--- GIVEN MATERIAL ---
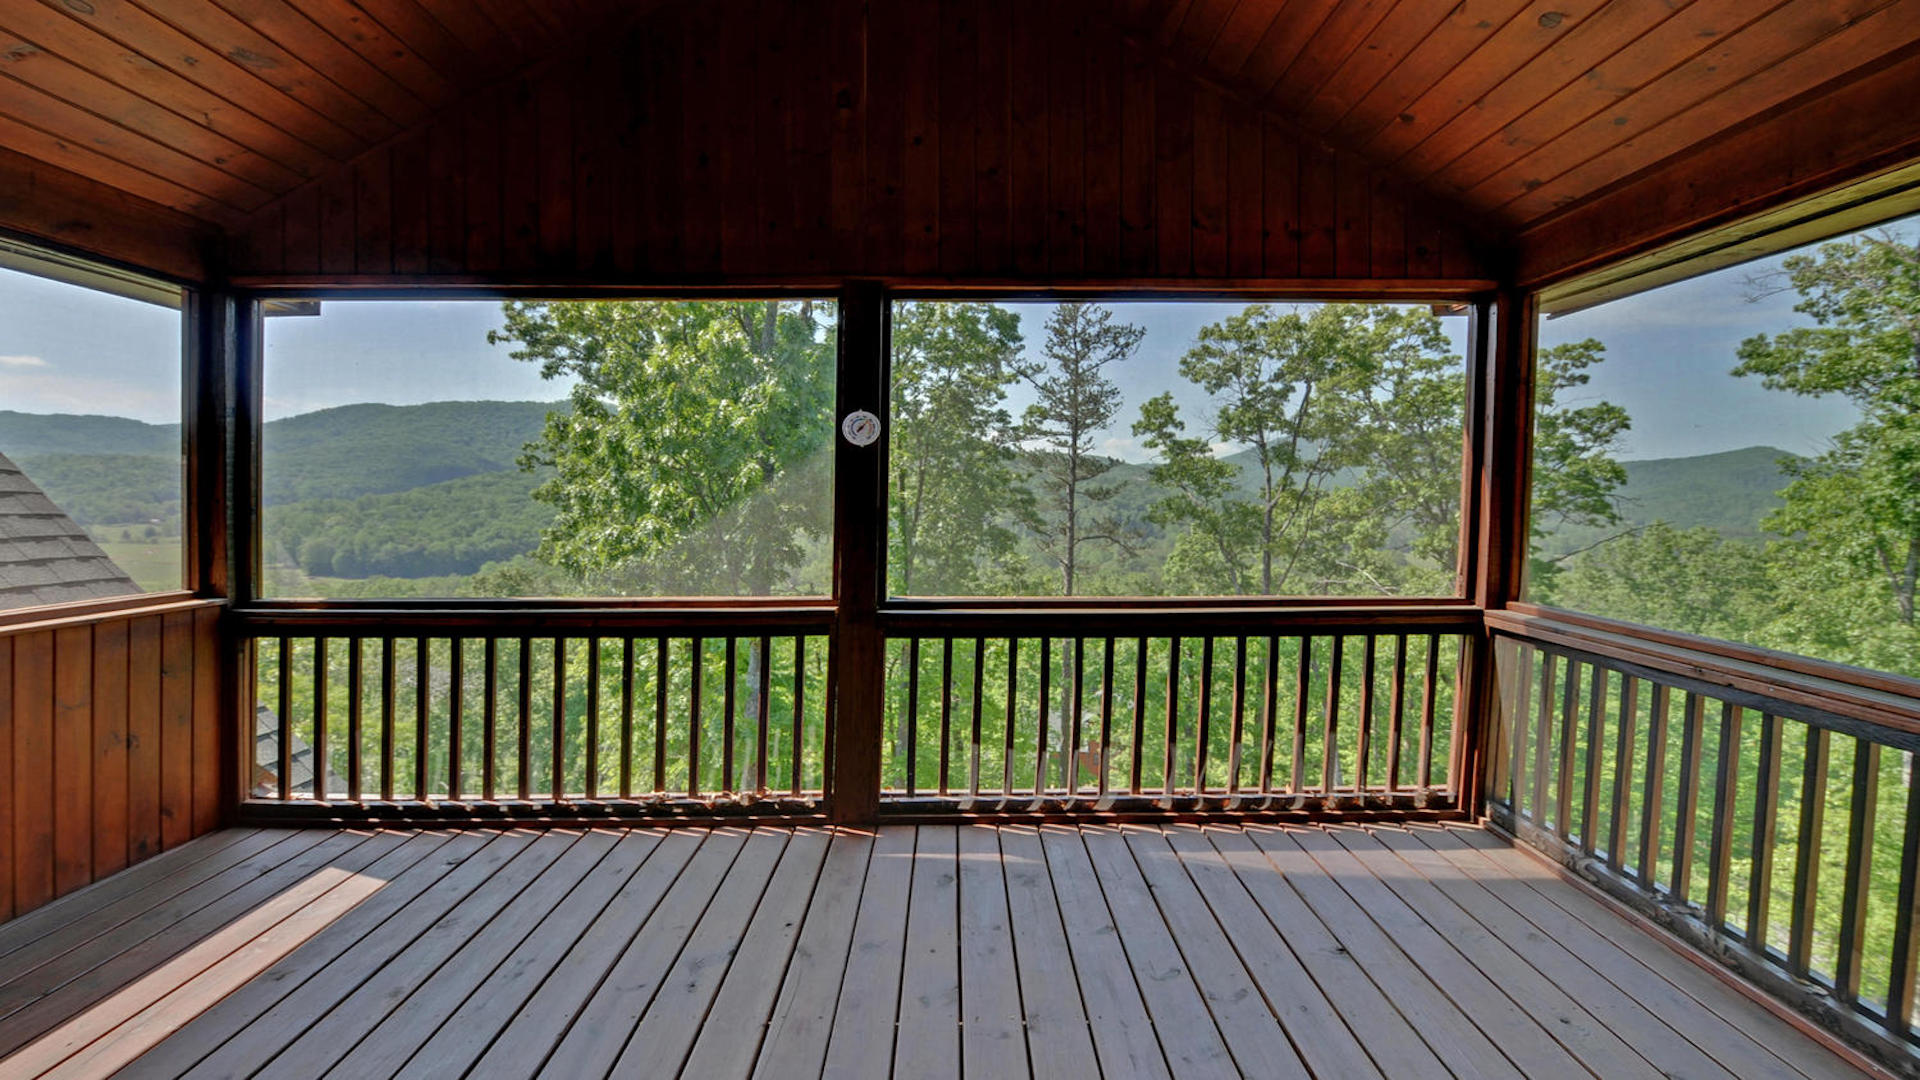 Big Sky View Rental Cabin Blue Ridge Ga
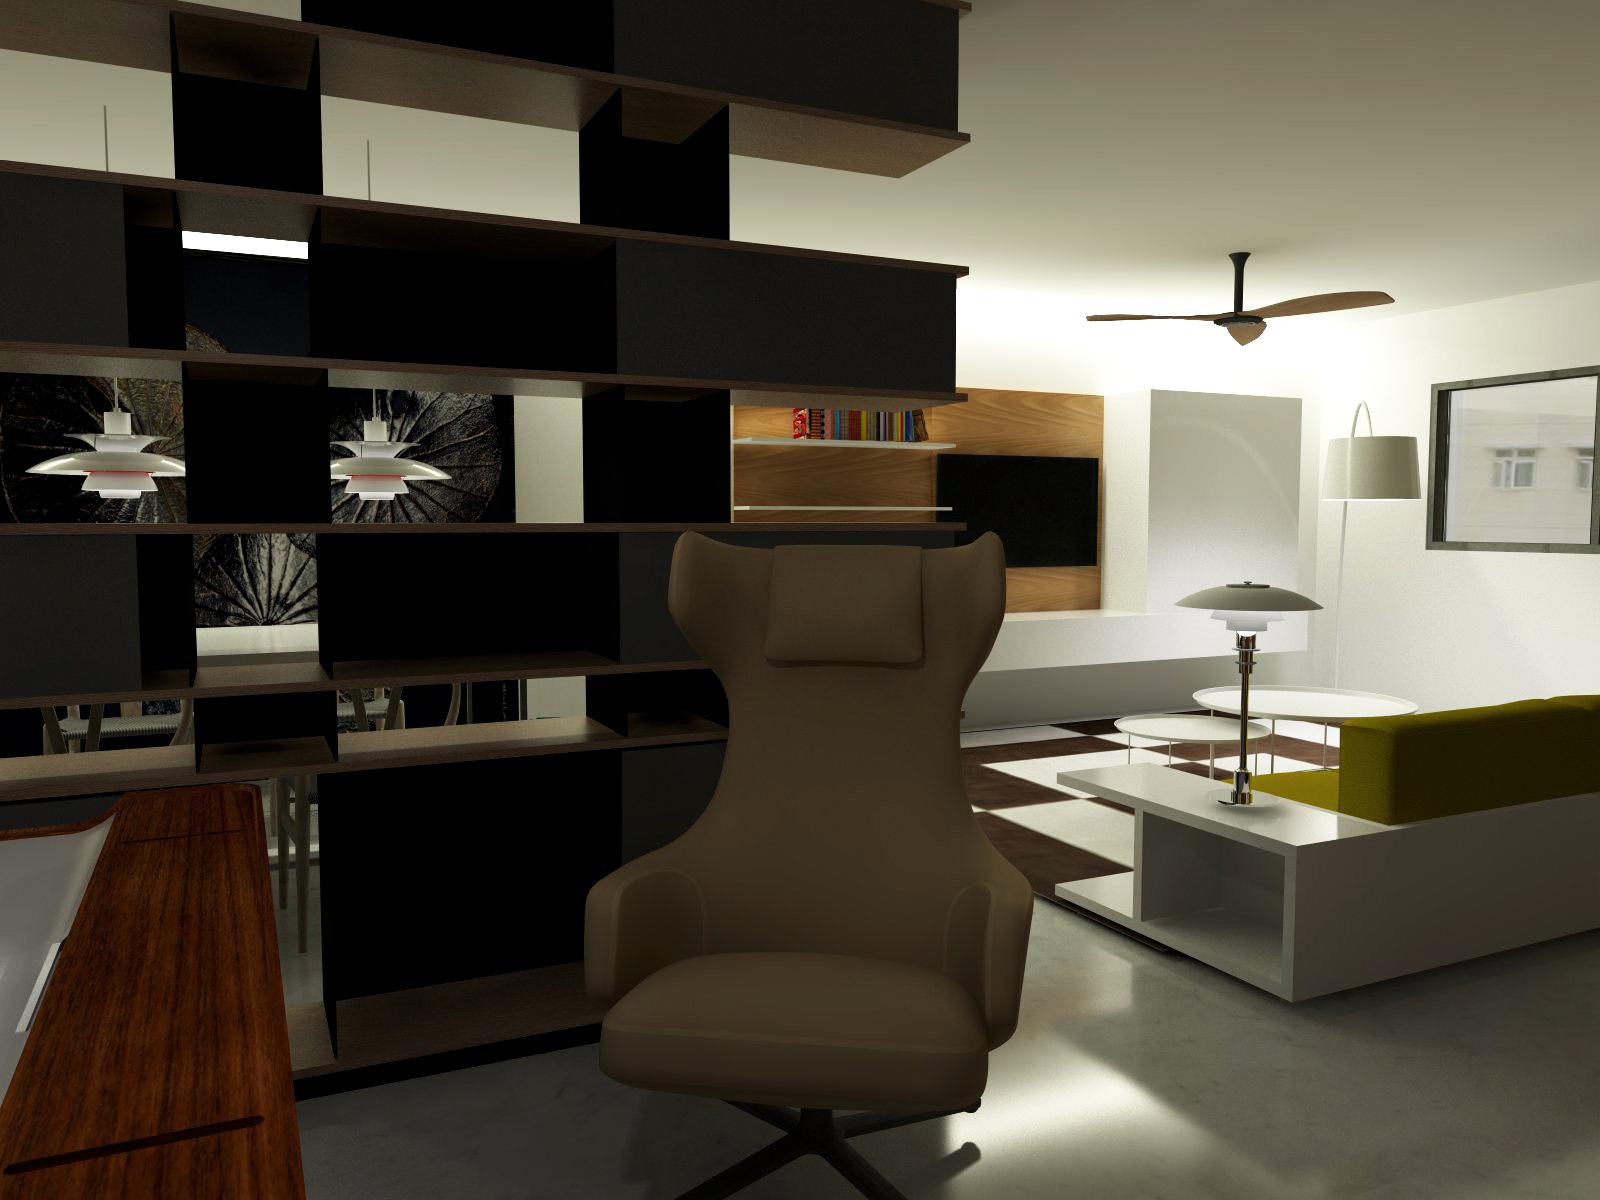 Designfantastico Mcnair Road 4 Room Hdb
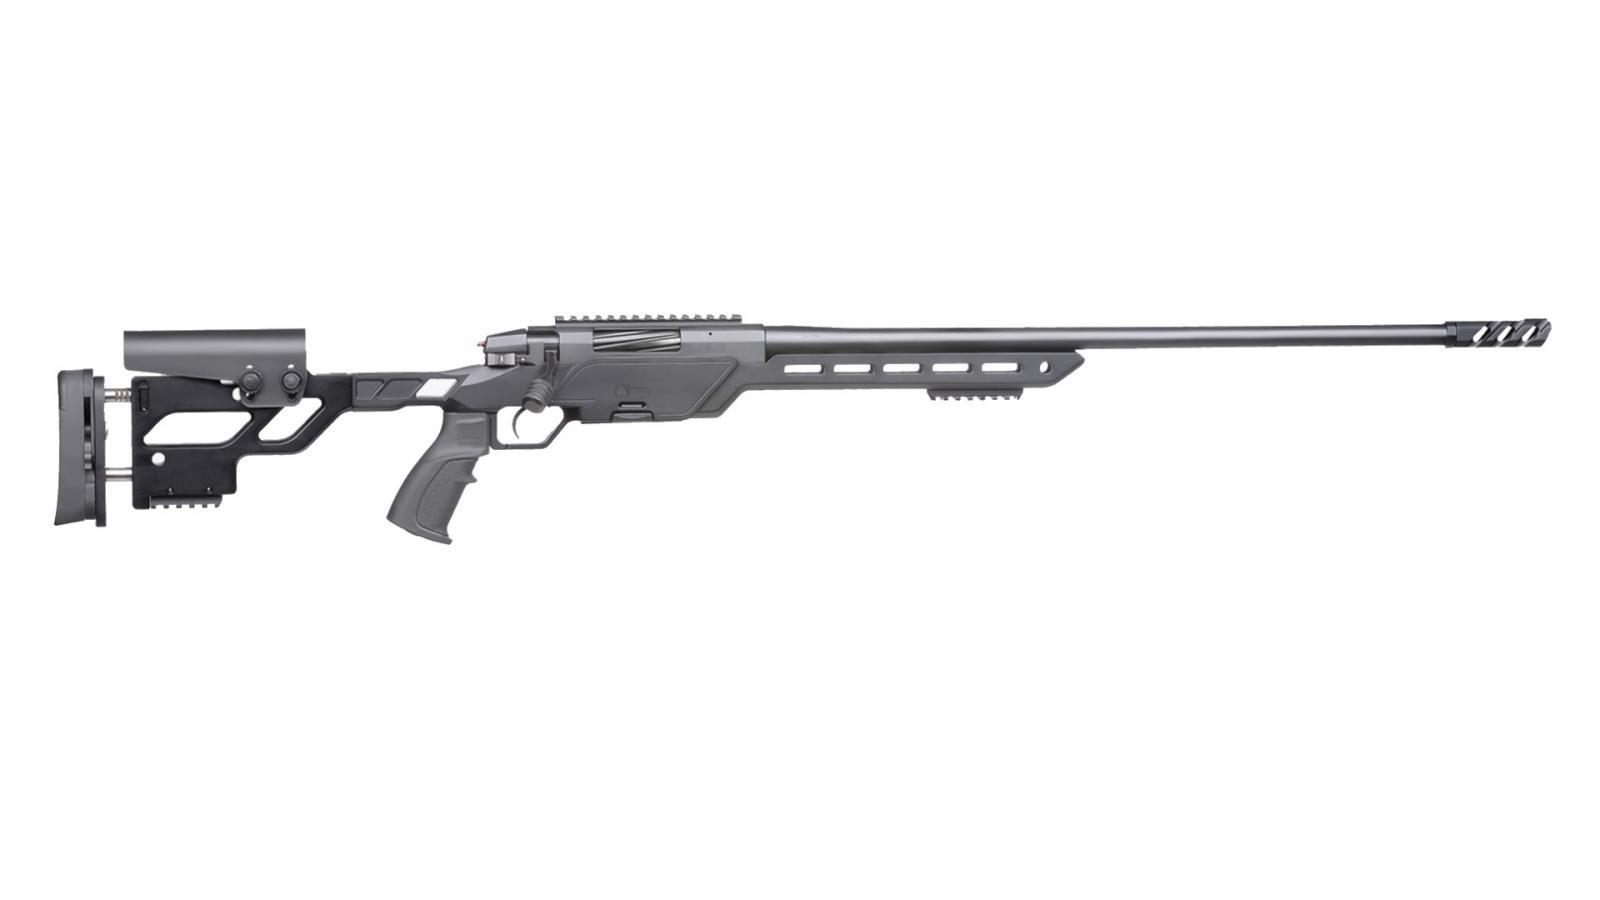 Carabine à répétition ATA Turqua ALR Cal. 6.5 Creedmoor

--- WHAT YOU NEED TO DO ---
Once the pictures are set aside, retype the rest of the listing exactly.

--- RESPONSE TO THE EXERCISE ---
 Big Sky View Rental Cabin Blue Ridge Ga
 Designfantastico Mcnair Road 4 Room Hdb
 Carabine à répétition ATA Turqua ALR Cal. 6.5 Creedmoor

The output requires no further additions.